For what it's worth vanagon front lines fit the rear, as the OE rears are hard to find.
That don't help with stainless, but I thought I'd mention it.


----------



## Gti Geezer (Jan 31, 2005)

*Re: Caddy/Pickup Rapidparts rear stainless steel brake hoses...help (wolf_walker)*

Hey guys thanks for the suggestions. 
I called Rapidparts the day after Thanksgiving. A guy named Pete answered the phone, he said he was the owner of the company. when I explained the problem Pete listened. He mentioned he remembered this had happened before, and that he would have a pair of correct longer rear SS brake hoses made and send them to me, all he needed was the length. I called back in 5 mins and told him to make the hoses 16" long. I got the hoses yesterday and they look perfect. I take back any complaints I said before about Rapidparts, Owner Pete gave me outstanding customer service. I got lucky he answered the telephone.
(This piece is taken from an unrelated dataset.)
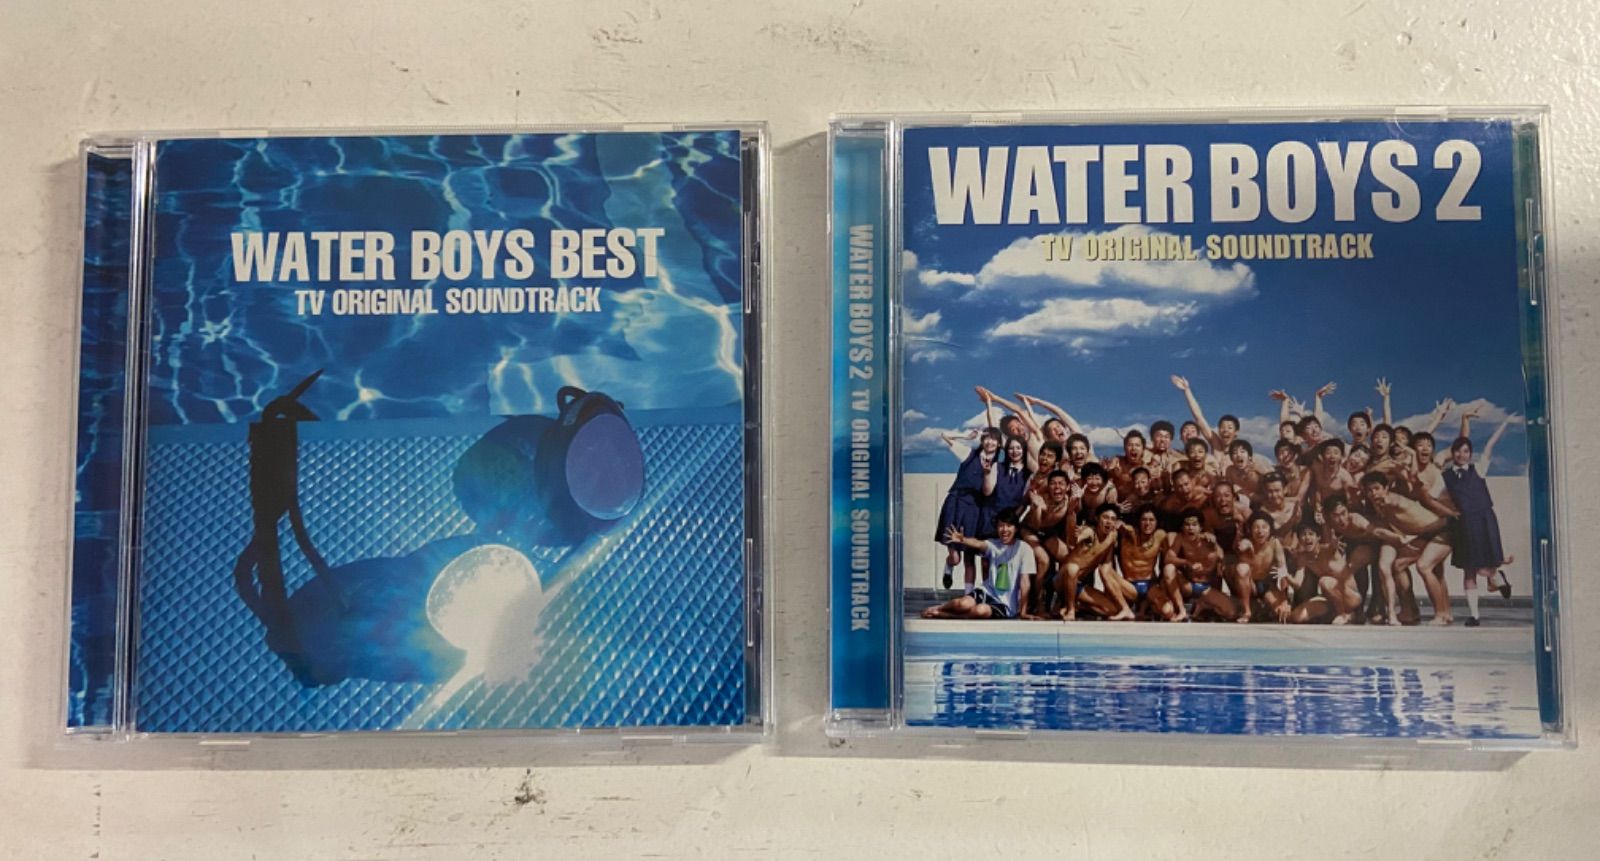 8周年記念イベントが WATER BOYS BEST-TVオリジナル サウンドトラック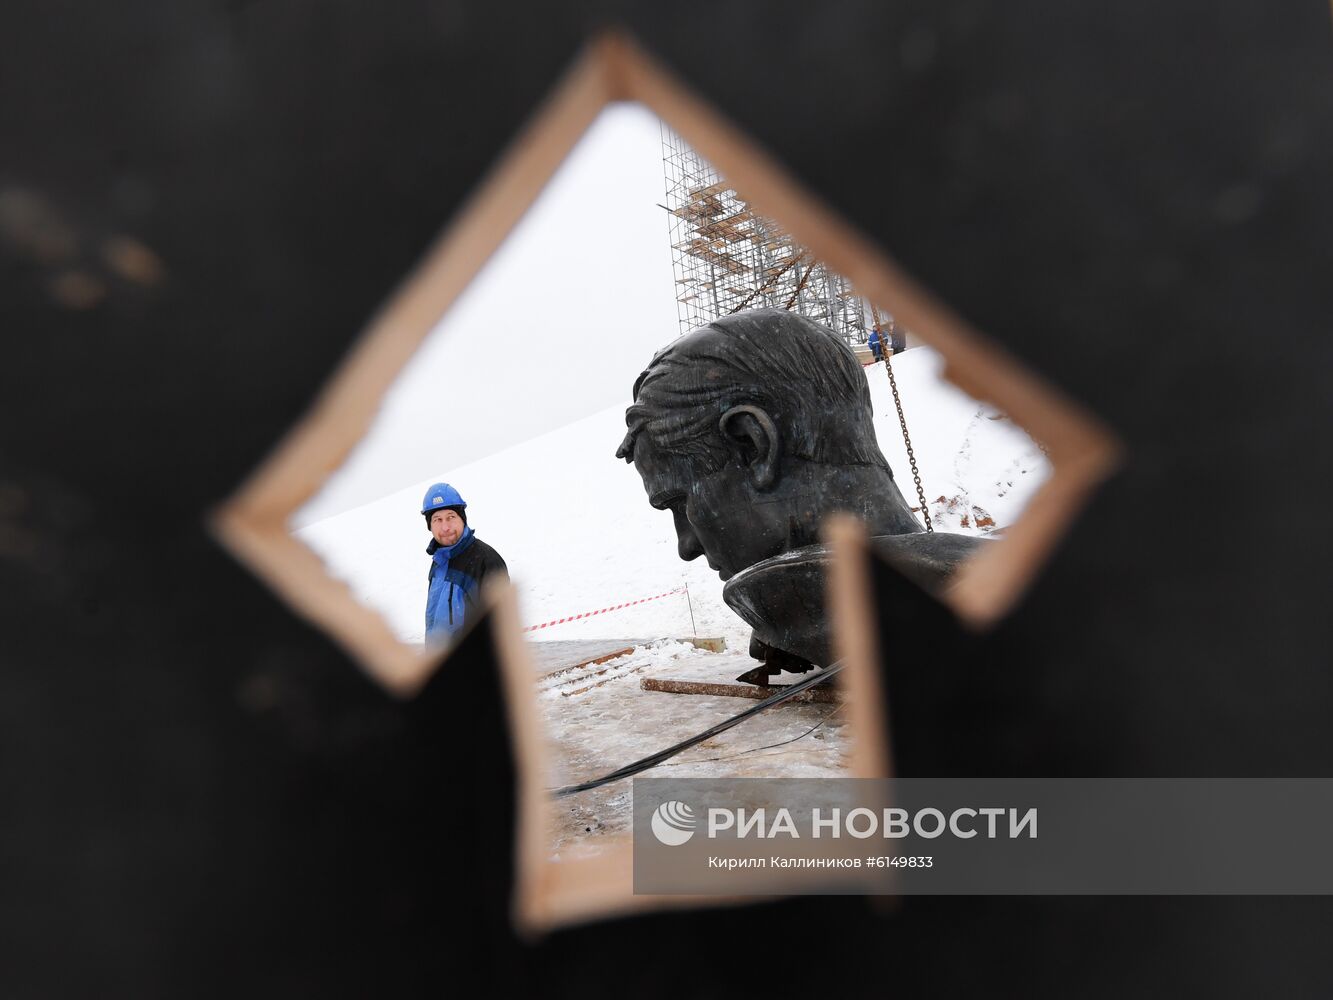 Установка центральной фигуры Ржевского мемориала

This is good info for other Caddy owners looking for a SS brake hose kit that have trucks with the proportioning valve mounted in the engine compartment under the master cylinder (not on the rear axle), cause those Caddy's have the long 16" rear brake hoses.


----------



## tochtli83 (Nov 15, 2005)

*Re: Caddy/Pickup Rapidparts rear stainless steel brake hoses...help (Gti Geezer)*

For reference sake, I think ONLY the 1980 Caddy had the proportioning valve on the rear axle. All other Caddy's had them up front.


----------